In [None]:
import sys
import os
sys.path.append(os.path.abspath(".."))

import numpy as np
import bottleneck as bn
import pandas as pd
import matplotlib as mpl
import matplotlib.pyplot as plt
from sklearn import decomposition
%matplotlib inline

import missingno as msno
from collections import defaultdict

from IPython.display import display

from speclib.loaders import (loadUserPhonenumberDict, getUserList, Useralias,
                             loadUserParallel, dict2DataFrame, users2DataFrame)
from speclib.plotting import looseAxesLimits, barSBS, countsOnBarPlot

Load user SMS and call data…

In [None]:
ua = Useralias()
userSpec = [(user, ua[user], ('sms', 'call')) for user in getUserList()]
userData = loadUserParallel(userSpec) 
df = users2DataFrame(userData, ua)
del userData
phonebook = loadUserPhonenumberDict(ua) 

# Cleaning data

Make a subset of the data only containing communications contained within the Social Frabric project. Of this data, select a subset of the data containing the most active users, preferebly who communicate with each other… a clique percolation algorothm could be used for this, but that won't be the initial approach.

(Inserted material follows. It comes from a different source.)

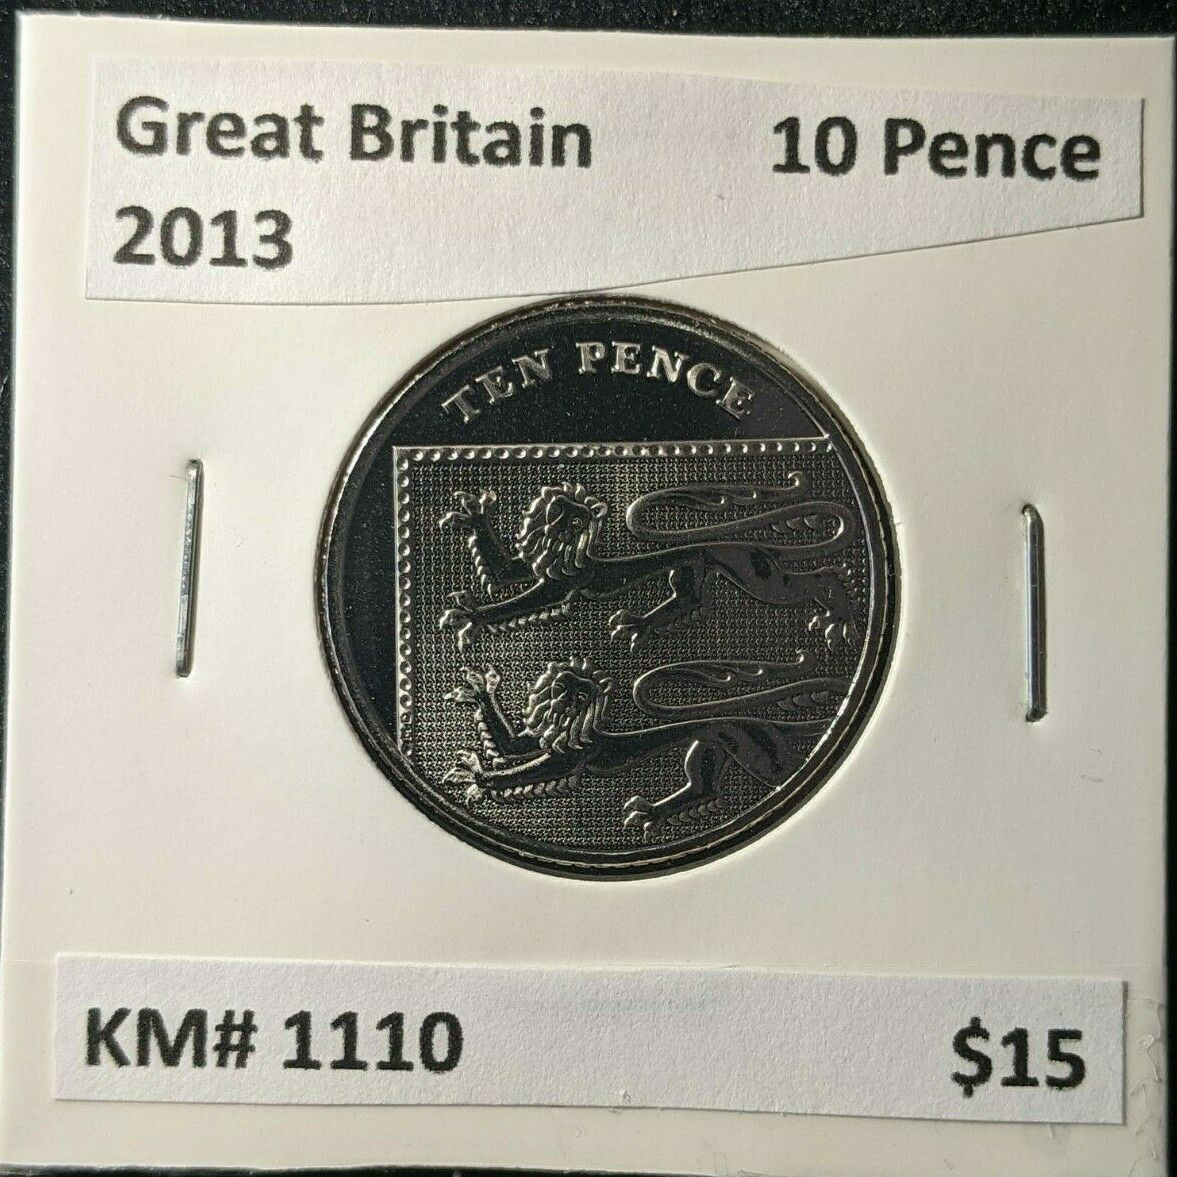 Great Britain 2013 10 Pence KM# 1110 #390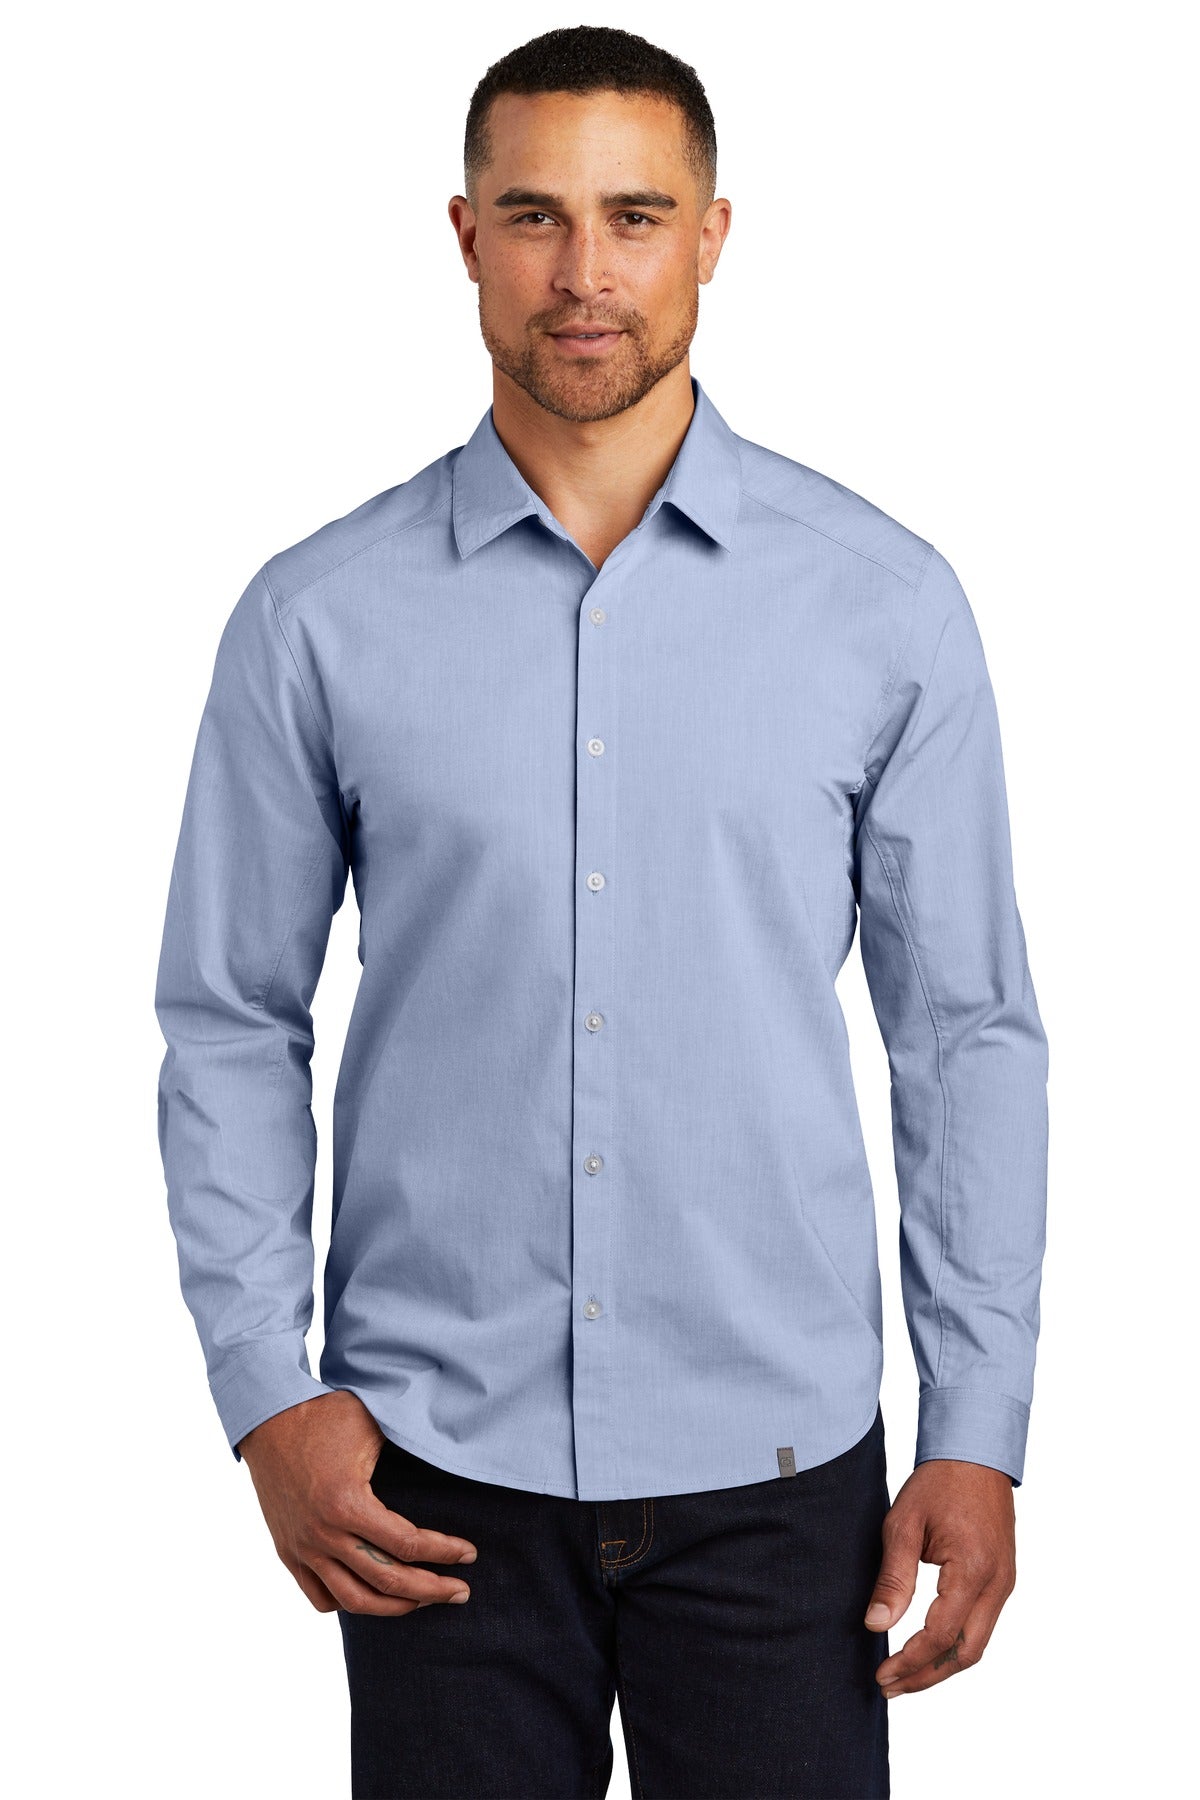 OGIO ® Commuter Woven Shirt. OG1002 - DFW Impression

A measure of the activity could simply be $$a = \sum_{\text{i}}\frac{\mathrm{user_{sms}}_i}{\sum_i \mathrm{user_{sms}}_i} + \frac{\mathrm{user_{call}}_i}{\sum_i \mathrm{user_{call}}_i}$$
but this could yield a huge $a$ for a very active, yet weakly connected user, so a weighting with the number of contacted people shoud be introduced.

Since a conversation using SMS regesters as several events for both users (usually), whereas a conversation carried out over a call registes as one event, a weighting should be introduced.
The easy solution is to divide the adjacency matrices with the sum of all the entries, meaning that the sum of all the elements would both add up to one.
Yet another approach would be to clean the SMS data in the following way:

1. Investigate the distribution of time between a SMS and a reply to it.
2. Use the distribution to determining a typical reply time.
3. Remove entries in the SMS data which weren't replied to within some number, say 3, times the average reply time.

Cleaning the SMS data as proposed above, should also prompt for a similar cleaning of the call data.
An obvious way would be to remove unansvered calls, albeit the SMS dataset should also be checked for an "answer".

## Doing the data munging

Remove rows for which the contacted number is not present i `phonebook` (userhash to phonehash translation table).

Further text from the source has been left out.